X. Peng, X. Tang and others synthesized N-(3,5-di-tert-butylsalicylidene)-2-hydroxybenzoylhydrazine. It was detected as a Zn²⁺ fluorescence chemosensor. Salicyloyl hydrazide 84 was introduced to a stirred solution of 3,5-di-tert-butyl-2-hydroxybenzaldehyde 83 in EtOH. After eight hours of reflux, the reaction mixture was permitted to settle to room temperature. The resultant yellow precipitates 85 were filtered, cleaned with ethanol, and vacuum-dried. A yield of 80% of product 85 was obtained (Scheme 23). The addition of a single hydroxyl group to chemosensor 85 not only exhibits a robust interaction with Zn²⁺, but also sets this metal cation apart from its rivals, which include the potent Cd²⁺, Mg²⁺, and Ca²⁺ ions. The development of metal–ligand complexes was responsible for the rise in emission in the presence of Zn²⁺. Because of the high coordination of Zn²⁺ that would impose stiffness, the fluorescence response of 85 is improved by Zn²⁺-selective chelation by around 25-fold. One explanation might be that the substituent hydroxyl group improves the Zn²⁺ ion’s chelating capacity [158].

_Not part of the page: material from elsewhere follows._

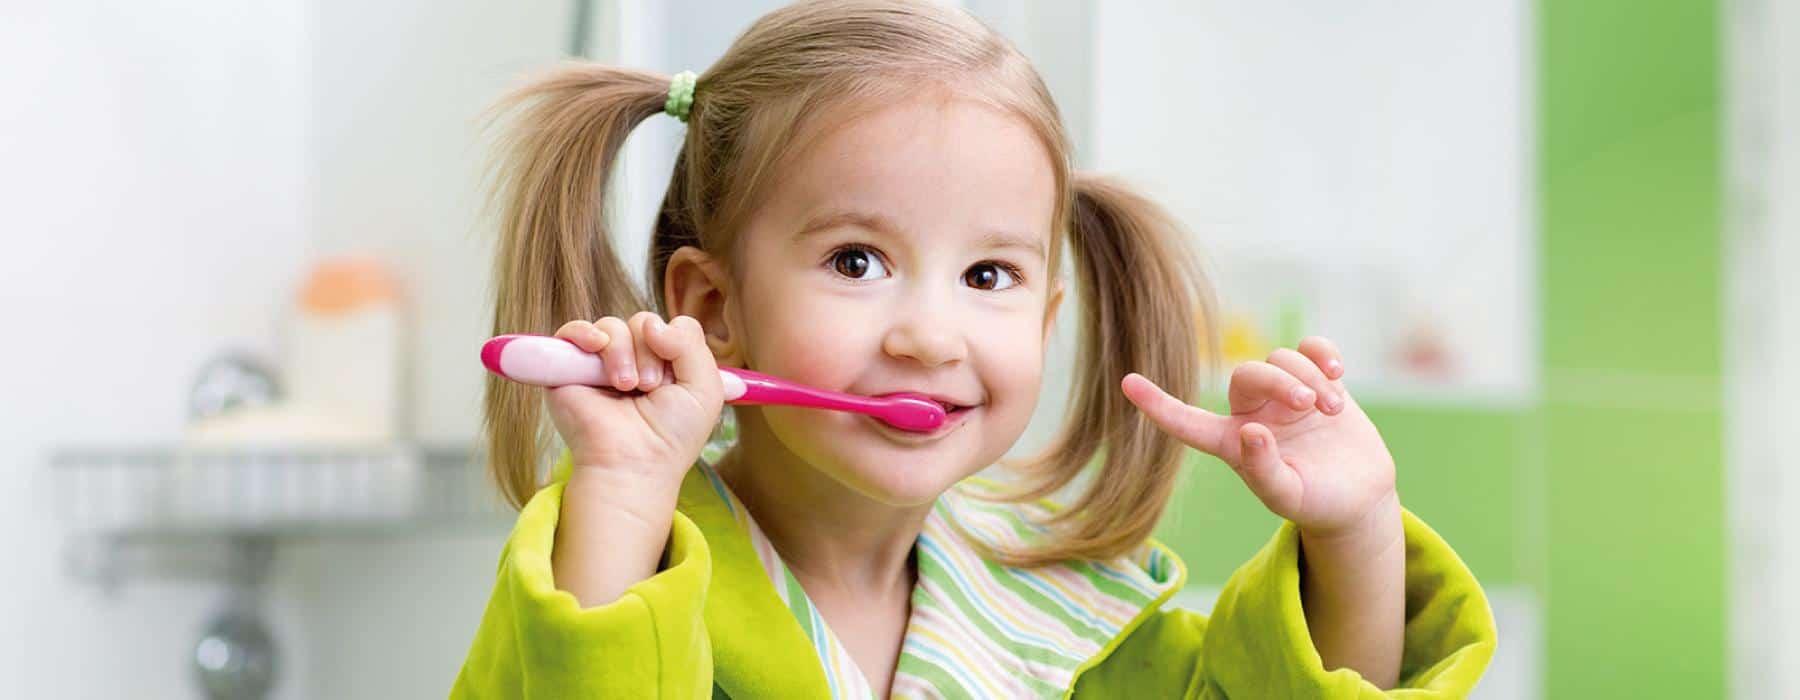 ortodontia idade

3. Conclusions and Future Perspectives

Transition metal ions, particularly the first-row ones, are common and serve a variety of biological purposes. A significant accumulation of these ions, however, may be harmful to one’s health. Therefore, it is crucial to accurately determine their spatial distribution both inside and outside of cells. The amplification of fluorescence by transition metal ions has potential applications beyond biological sensing. However, the majority of transition metal ions are paramagnetic and efficiently quench fluorescence. Optical chemosensors remain a highly active area of research, as evidenced by the papers reviewed. Future efforts should focus on developing and utilizing fluorescent probes that function effectively in pure aqueous solutions at physiological pH levels. This feature article aims to provide readers with a deeper understanding of various synthetic approaches of Aryl-substituted thiocarbohydrazide, thiosemicarbazide, thiazolyl-hydrazone, thiophene diocarbohydrazide, Arylhydrazone, indole, Schiff-based, carbazole, acylhydrazone coumarin chromofluorescent sensors, etc., and their mechanisms of action. We categorize colorimetric and fluorometric sensors for the detection of first-row transition metal ions, including Cr³⁺, Mn²⁺, Fe²⁺, Co²⁺, Ni²⁺, Cu²⁺, and Zn²⁺, while highlighting their ability to simultaneously detect multiple ions. The development of these sensors addresses critical challenges related to the rapid and straightforward detection of hazardous metal ions at trace levels in biological and environmental systems. As we proceed, it is evident that the synthesis of fluorescent chemosensors is far from finished [159]. Their capabilities could be further improved by emerging technologies like fluorescent-based sensors. Furthermore, point-of-care diagnostics and customized healthcare are being revolutionized by the incorporation of these sensors into portable devices [31,160,161]. This study presents a comprehensive overview of current methodologies, and the insights provided here aim to inspire further research to meet the evolving demands in the field of trace transition metal ion detection.